May 24, 2005 19:55
New layout. Whoo hoo.
I was looking back over my entries just now, and I began thinking about things. Nothing in my life seems to want to go right this year. No matter how hard you try, you can't make better. And I tried, I really did. I tried acting like I usually do, like I did last year, and I guess it worked for the kids at school and for my parents. But I can't fool myself. I'm still unhappy. I'm not sure when I will be. I mean, come on, my life isn't just going to be me going through the day smiling and nodding to make everyone else think I'm fine. Because sometimes I'm not. Sometimes I just want to walk away in the middle of a conversation and go find some place to sleep in, where I don't have to listen to the consistant ramblings of people that don't actually know what they're talking about.

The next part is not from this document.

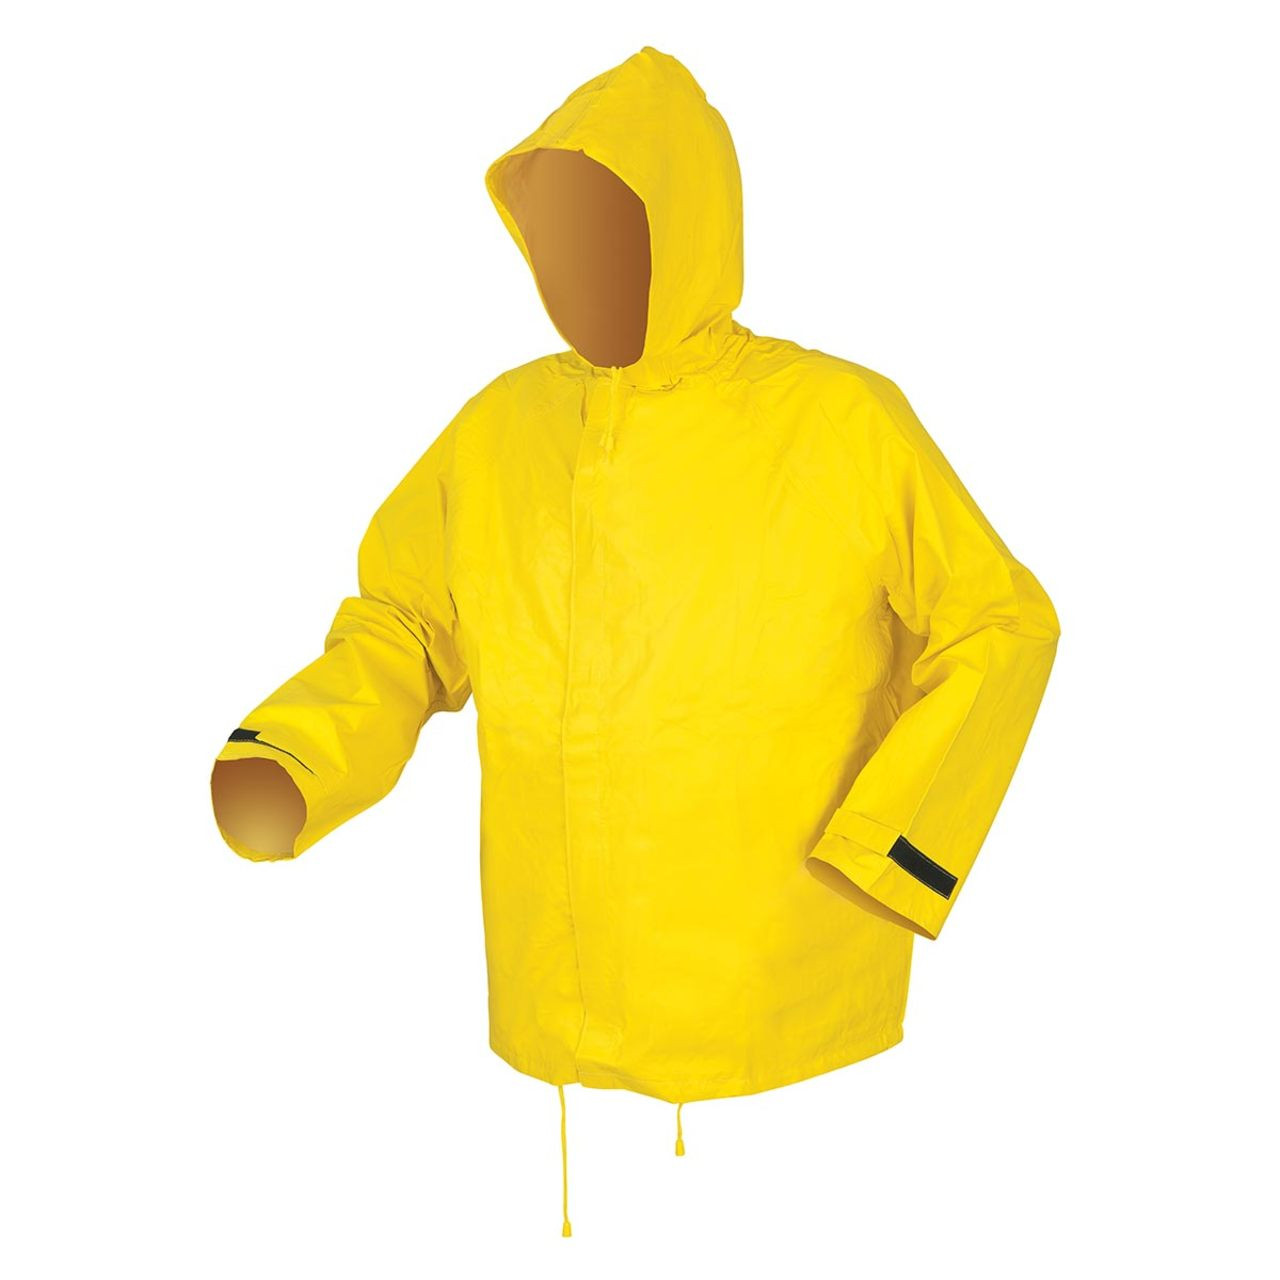 Rainwear | Discount Safety Gear - Shop Now!
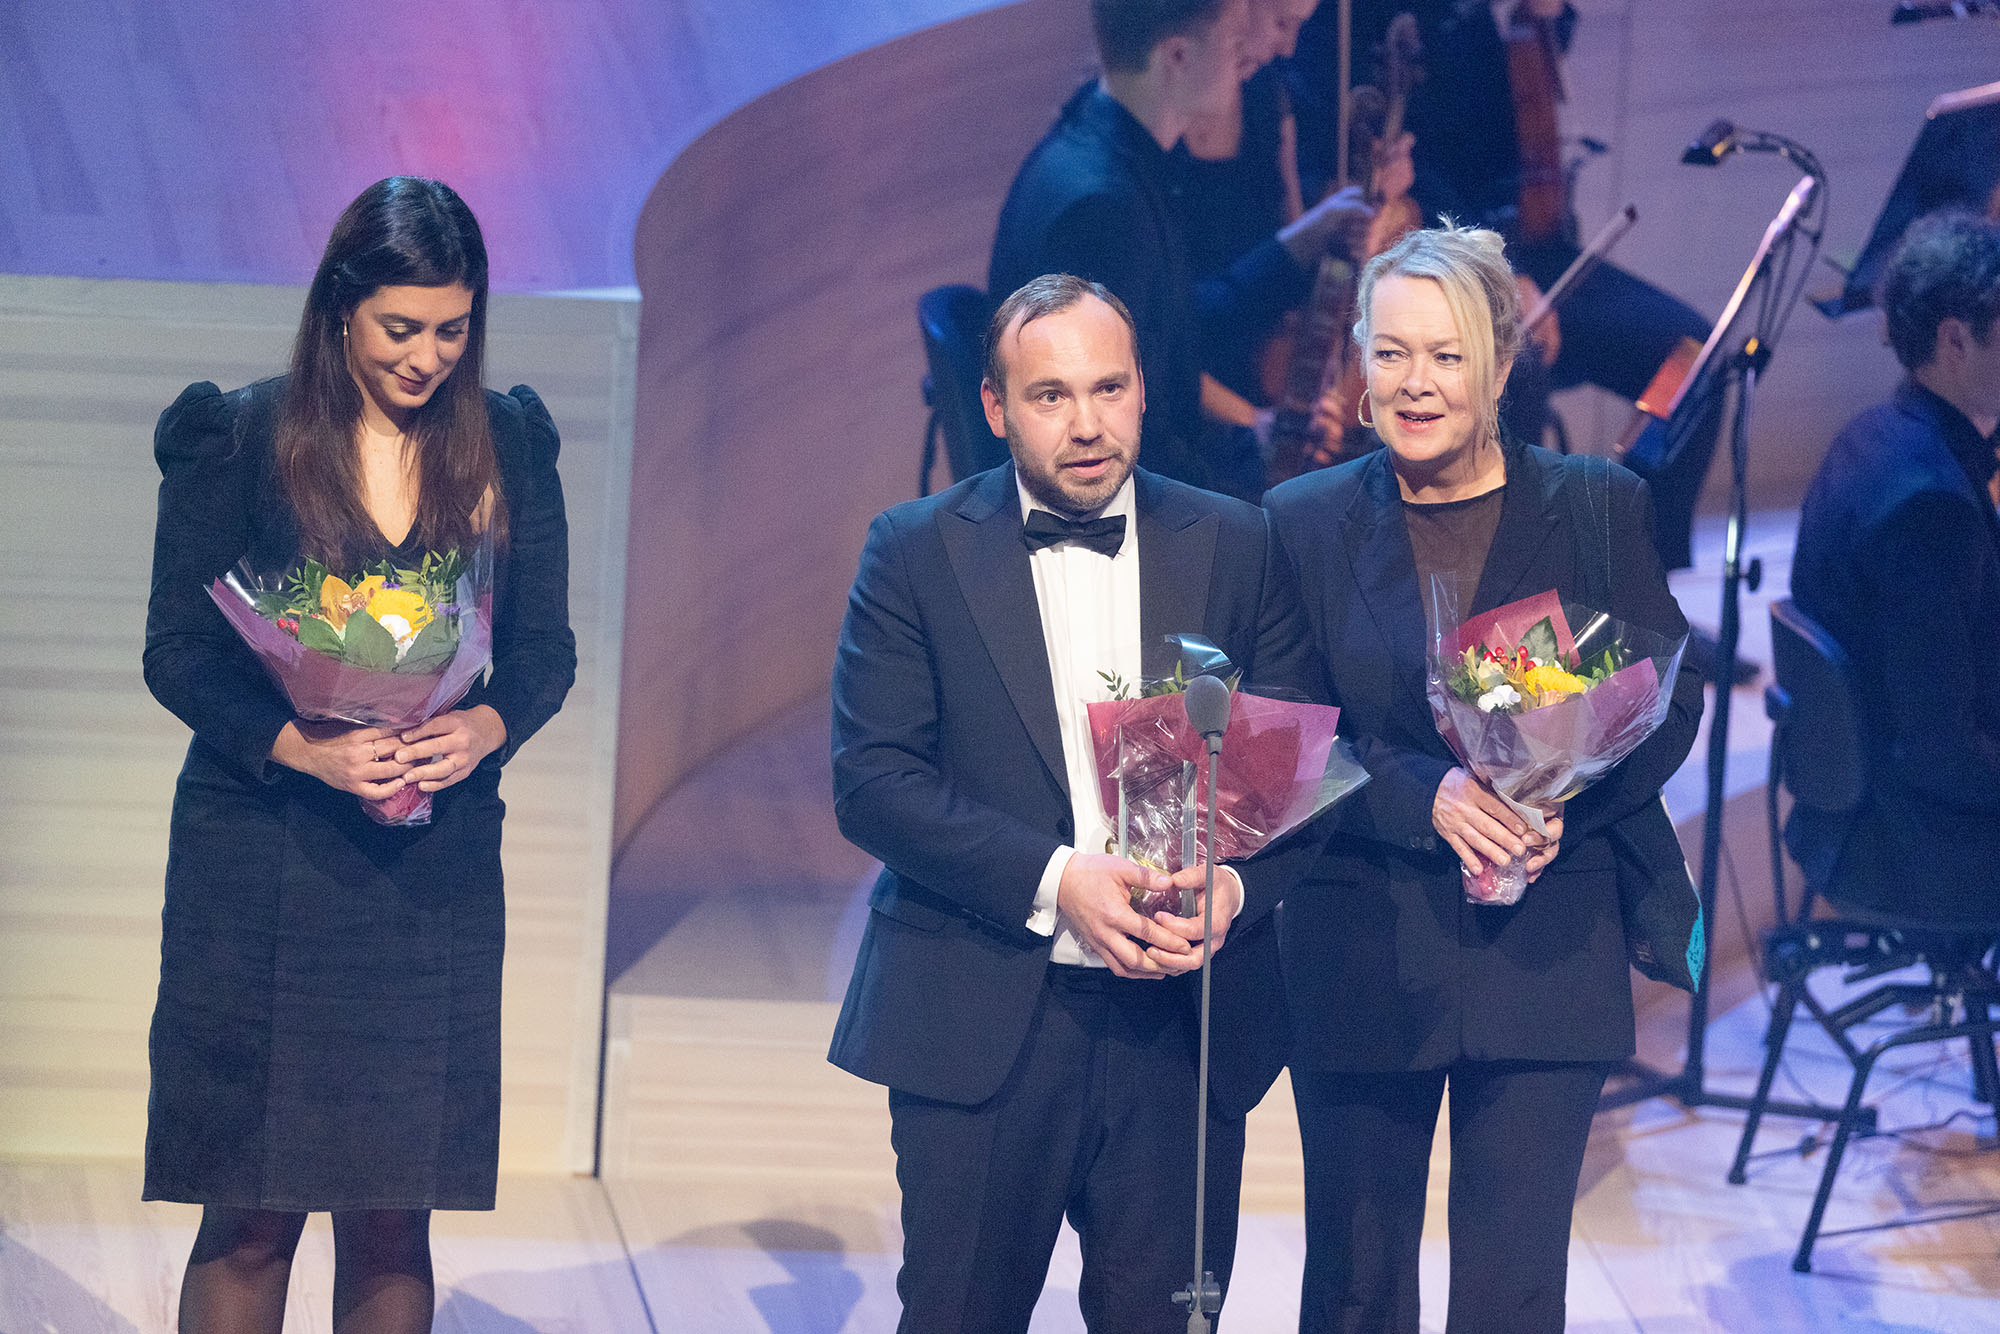 Icelandic Film, Lamb, Wins 2022 Nordic Council Film Prize

I've finally gotten to Illinois, where I'm going to be staying until sometime in July so I can spend time with my mom. I actually didn't want to come. It's not that I don't love her or anything (I do, and that's the only reason why I came). I just didn't want to leave my familiar little house to come to a home that I used to live in and now feels so foreign to me. And I didn't want to go back to those people that made me so miserable for the first 15 years of my life. They suck. =(
There's really nothing I can do now. I didn't want to hurt mom's feelings (because she's stupid enough to think that if I say no to her, that I don't love her anymore). But now I have nothing to do but play on the computer, and then everyone complains that I'm spending too much time on it. I just want to scream at them. I was to tell them that it's their fault for not asking me to do stuff with them. If there's nothing else to do, I'm not getting off of this computer. It keeps me occupied so that I don't have to think about how much it sucks to be here.
Well, the computer seems to be the only good part of this trip so far. God, I suck so much at life.